January 21, 2005
Burdens of proof and a new due process of sentencing
Steve Sady over at the Ninth Circuit blog has this important and powerful post arguing that, after Booker, beyond a reasonable doubt (and not preponderance of the evidence) should be the applicable standard of proof for disputed facts at federal sentencing. Among the potent elements of Steve's argument is its reliance on statutory construction principles layered on top of constitutional concepts.
In addition to noting Steve's extremely valuable post, I want to spotlight the broader idea that the reasoning of Justice Stevens' merits majority to support the Court's interpretation of the Sixth Amendment could — and I think should — engender a wholesale reconsideration (and invigoration) of due process concepts at sentencing. As I discussed at length in this post, I found highly significant that Justice Stevens' opinion for the merits majority in Booker expressly discussed the impact of modern sentencing reforms on the Court's Sixth Amendment jurisprudence. See Stevens slip op. for Court at 12. Part of why this passage caught my eye was because it could be readily recast so as to raise new arguments about the demands of due process in modern sentencing systems.
Consider specifically how changing the Sixth Amendment/jury right language to Fifth Amendment/due process language in the key passage of Justice Stevens defense of the Court's ruling would seem to breathe new life into new due process claims. My alterations are in bold.
Discussing the "new trend in the legislative regulation of sentencing," Justice Stevens explains that "the Court was faced with the issue of preserving an ancient guarantee [of due process] under a new set of circumstances:"

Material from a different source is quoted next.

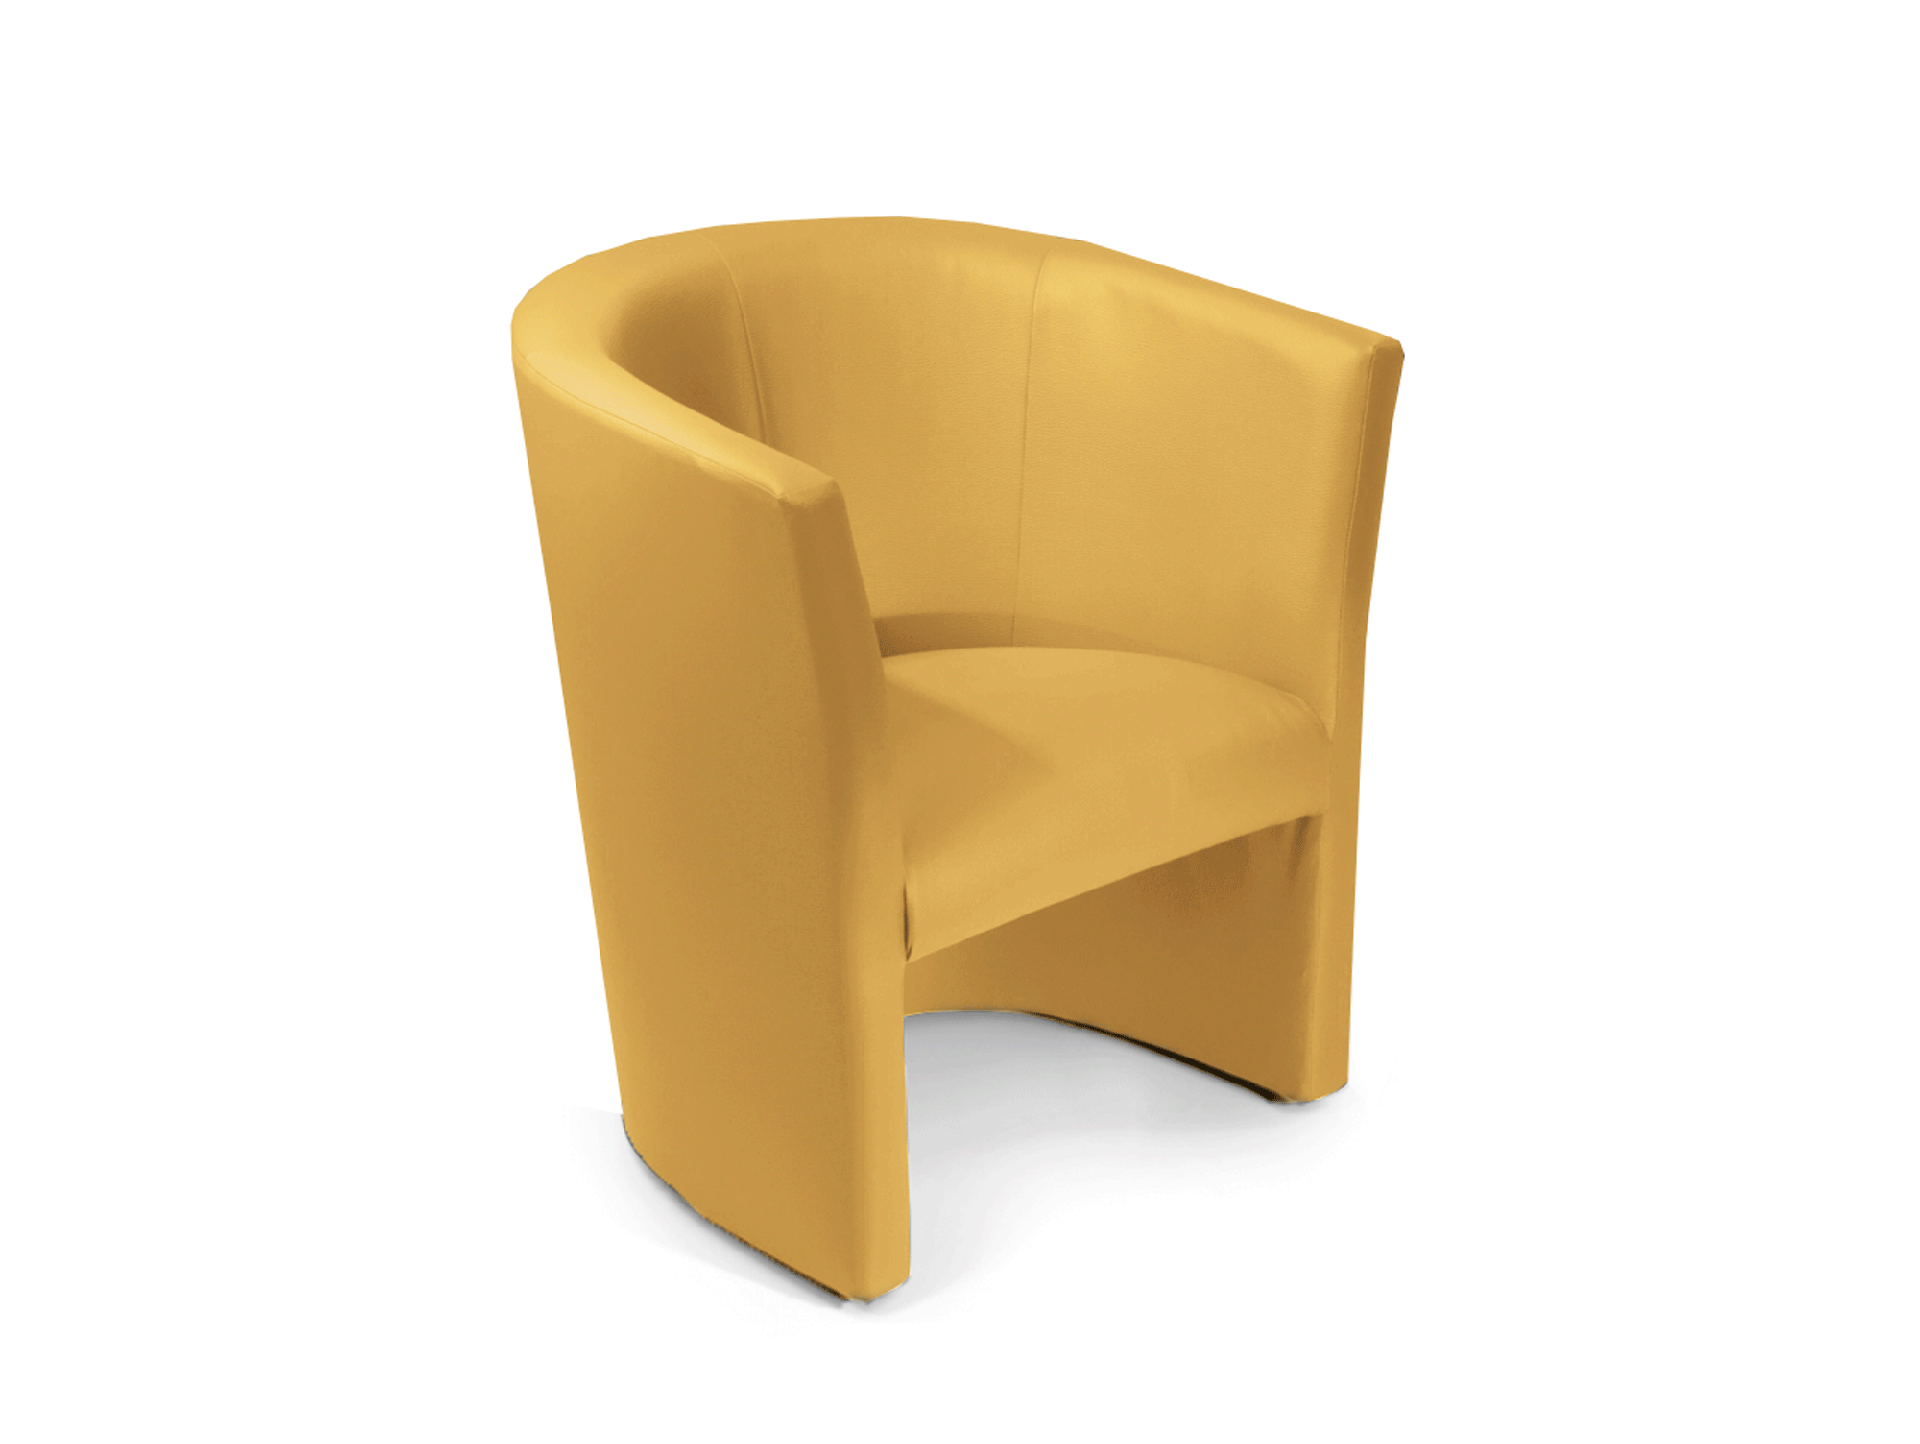 CHARLY Sessel / Cocktailsessel im Lederlook, Material Kunstleder gelb

The new sentencing practice forced the Court to address the question how the right of [due process] could be preserved, in a meaningful way guaranteeing that [procedural protections] would still stand between the individual and the power of the government under the new sentencing regime. And it is the new circumstances, not a tradition or practice that the new circumstances have superseded, that have led us to the answer first considered in Jones and developed in Apprendi and subsequent cases culminating with this one. It is an answer not motivated by [Fifth] Amendment formalism but by the need to preserve [Fifth] Amendment substance.
To reiterate a point I make in my recent article in the Winter 2005 issue of the ABA's Criminal Justice magazine, until Apprendi and Blakely came along, few seriously questioned sentencing structures that still relied lax procedures for proving the truth of facts that could lead to extended sentences. But I now read the language of Justice Stevens' opinion for the merits majority in Booker to support the idea, long overdue, that we should not blindly follow old constitutional precedents when examining and applying a radically new sentencing structure.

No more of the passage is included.